Speaking on a television interview Friday night, Weizman, who goes to Washington next month, said the worst aspect of the U.S. proposal was not the threat to Israel’s security but the fact that the Administration has lumped aircraft sales to Israel, Egypt and Saudi Arabia into a single package. He said the Administration apparently ignored the fact that Israel was promised a number of planes under its 1974-75 agreements with the U.S. at the time of the first and second Sinai interim accords.
SERIOUS QUESTION OF TIMING
According to Weizman, the political aspects of the deal are more serious than the military because of the timing. The Americans announced their plans at the very moment when Israel was in the midst of tough negotiations, he said. “The American move will affect some of our thinking, at least in the military committee, as to the way we see the Sinai agreement and has given us other second thoughts which may of may not be helpful to the negotiations,” he said.
Weizman said Israel must now “weigh” how the American move will affect the components of a possible peace pact with Egypt “on the wings of a plane–I hope it will not be on a tank tomorrow.” He said General Headquarters and other defense experts were studying all aspects of the new situation.
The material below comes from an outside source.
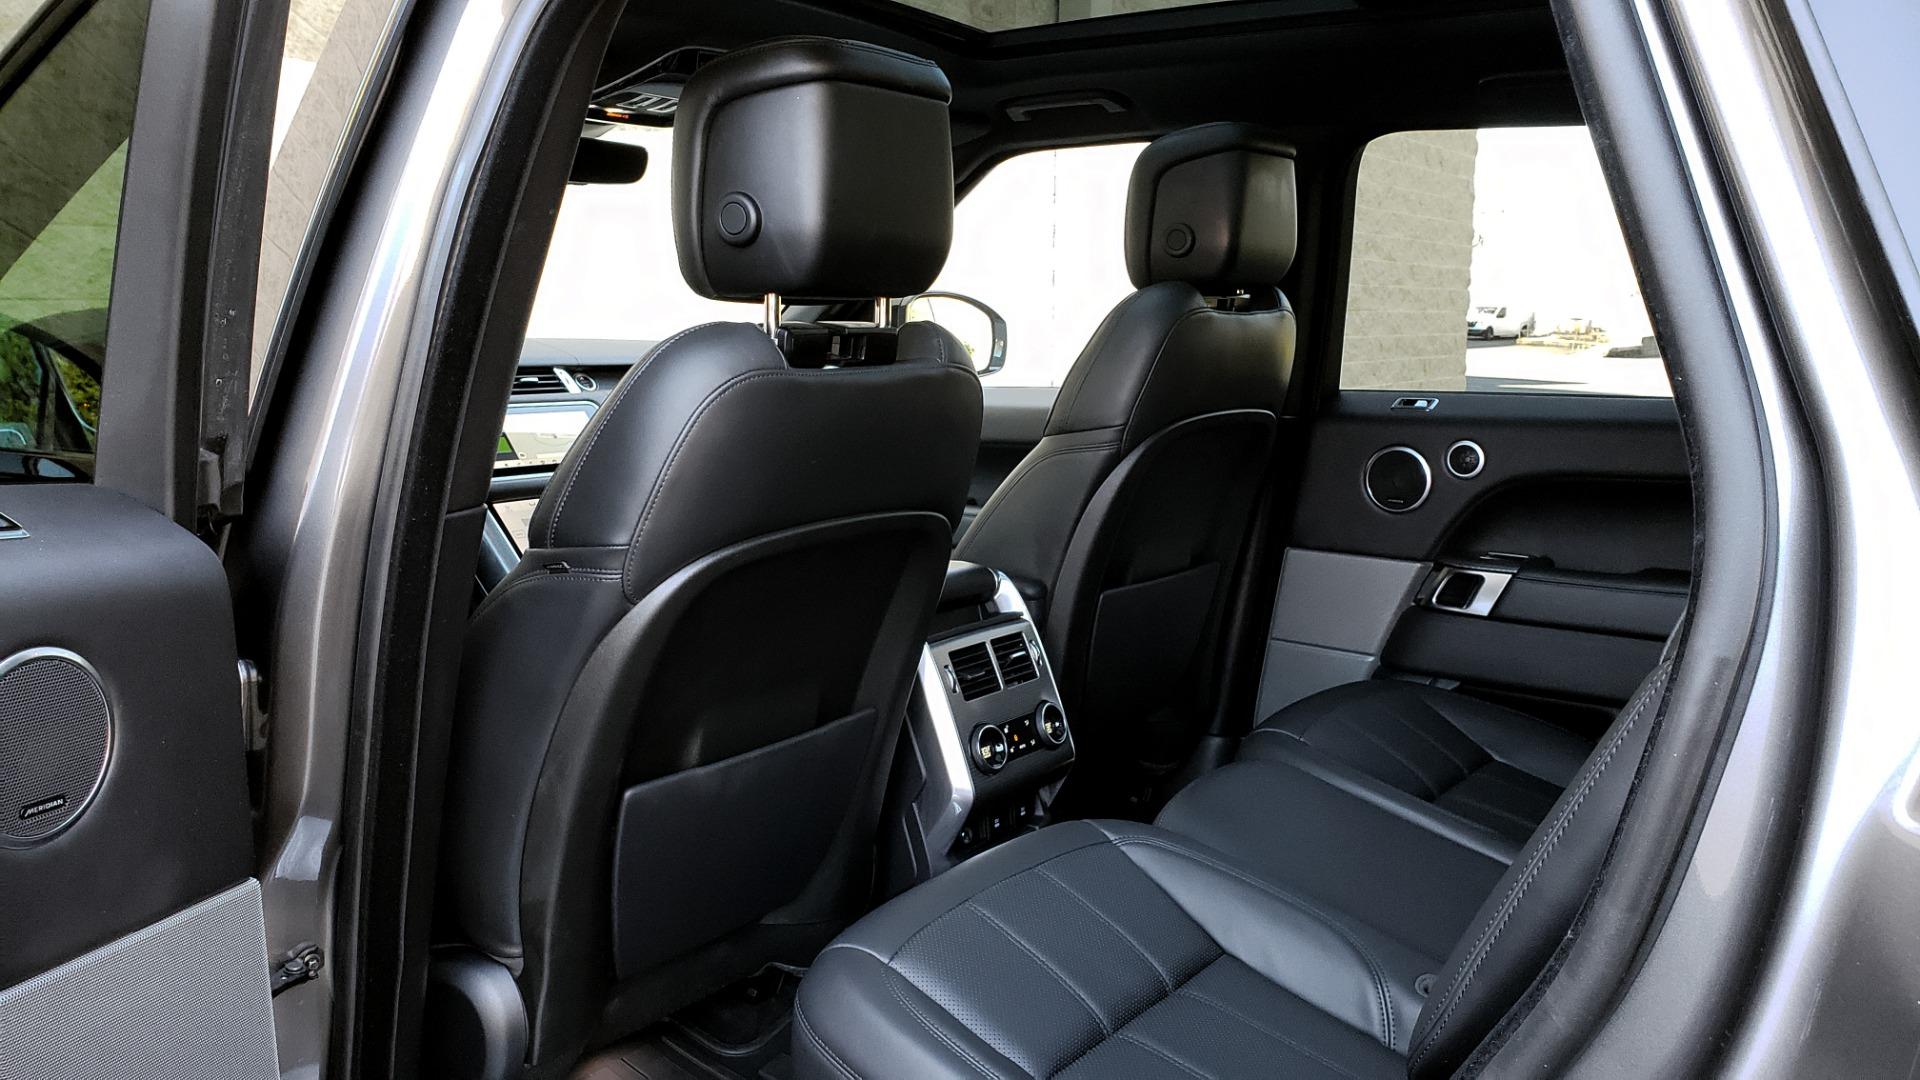 Used 2018 Land Rover RANGE ROVER SPORT DYNAMIC SC V8 / CLIMATE CMFRT / VISION ASST / MERIDIAN for sale Sold at Formula Imports in Charlotte NC 28227 73
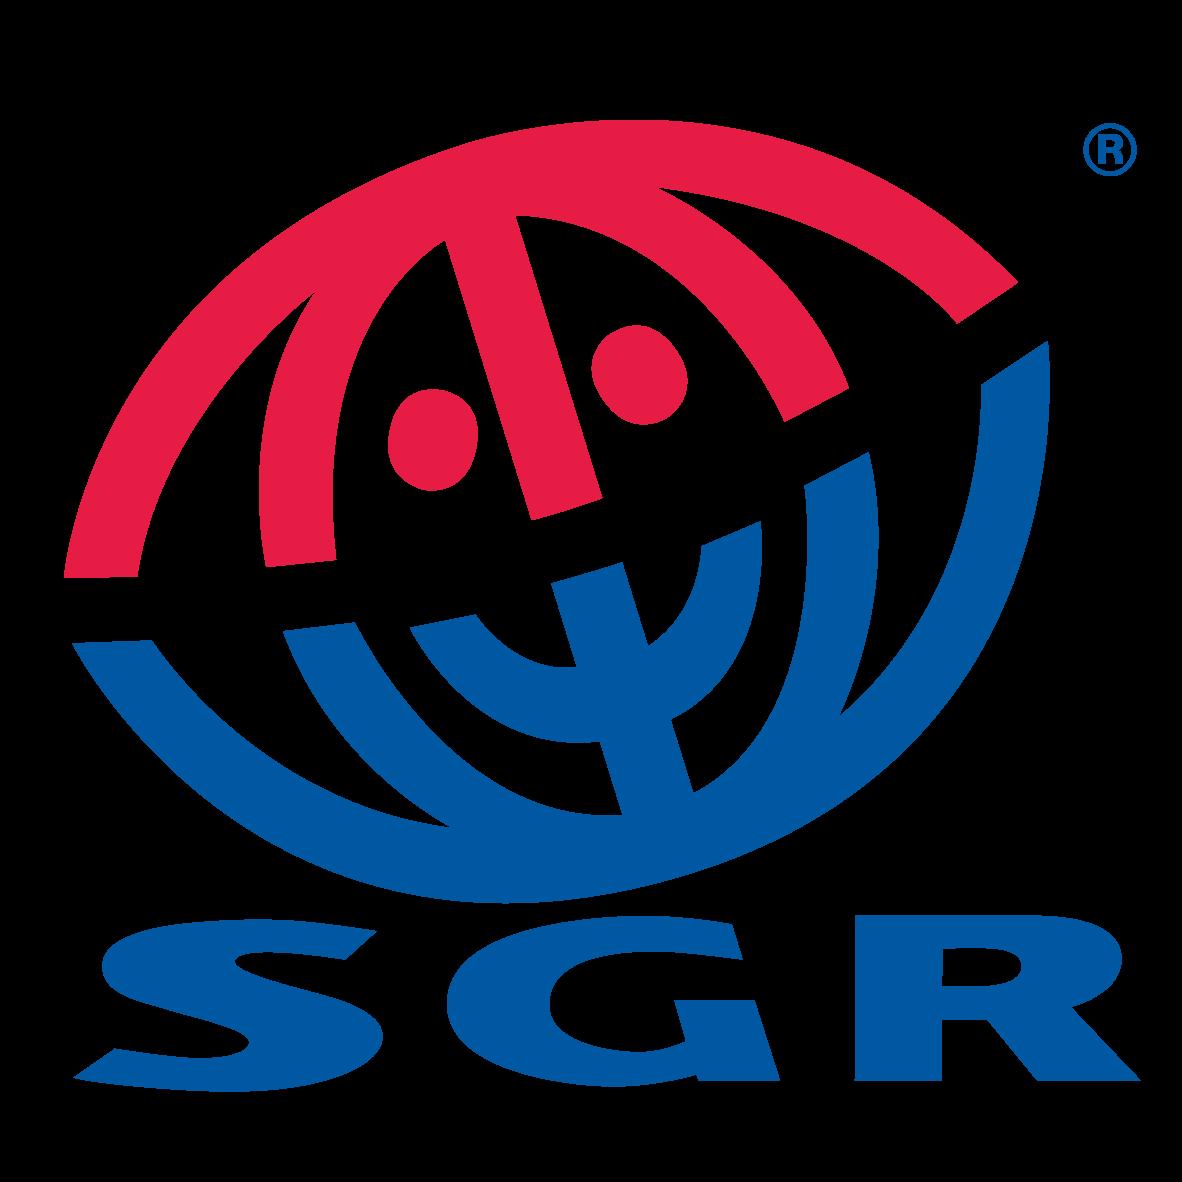 SGR png zonder achtergrond.png

ANGER OVER CARTER’S REMARK ABOUT SAUDI ARABIA
Israel’s anger and consternation over the Carter Administration’s arms package was further aggravated by President Carter’s remark last Friday at a press conference in Cranston, Maine that Saudi Arabia “has never had any active aggression against Israel.”
Circles here said the President was apparently unaware that a Saudi unit of brigade strength took part in the fighting on the Golan Heights during the Yom Kippur War, participated in Israeli-Syrian skirmishes after the war and did not pull out until 1976. They also claimed that the Saudis stationed troops in Jordan in 1967 and, in 1973, turned over to Egypt 38 Mirage jets they had acquired from France.
(Carter, during his press conference, expressed optimism that Congress would “go along” with his Administration’s proposal to “sell a limited number” of planes to Egypt, Saudi Arabia and Israel; thought “it’s very good for nations to turn to us for their security needs, instead of having to turn to the Soviet Union as they have in the past”; and denied that the timing of the plane sale to Egypt was a message to Israel to become more flexible in the current negotiations.)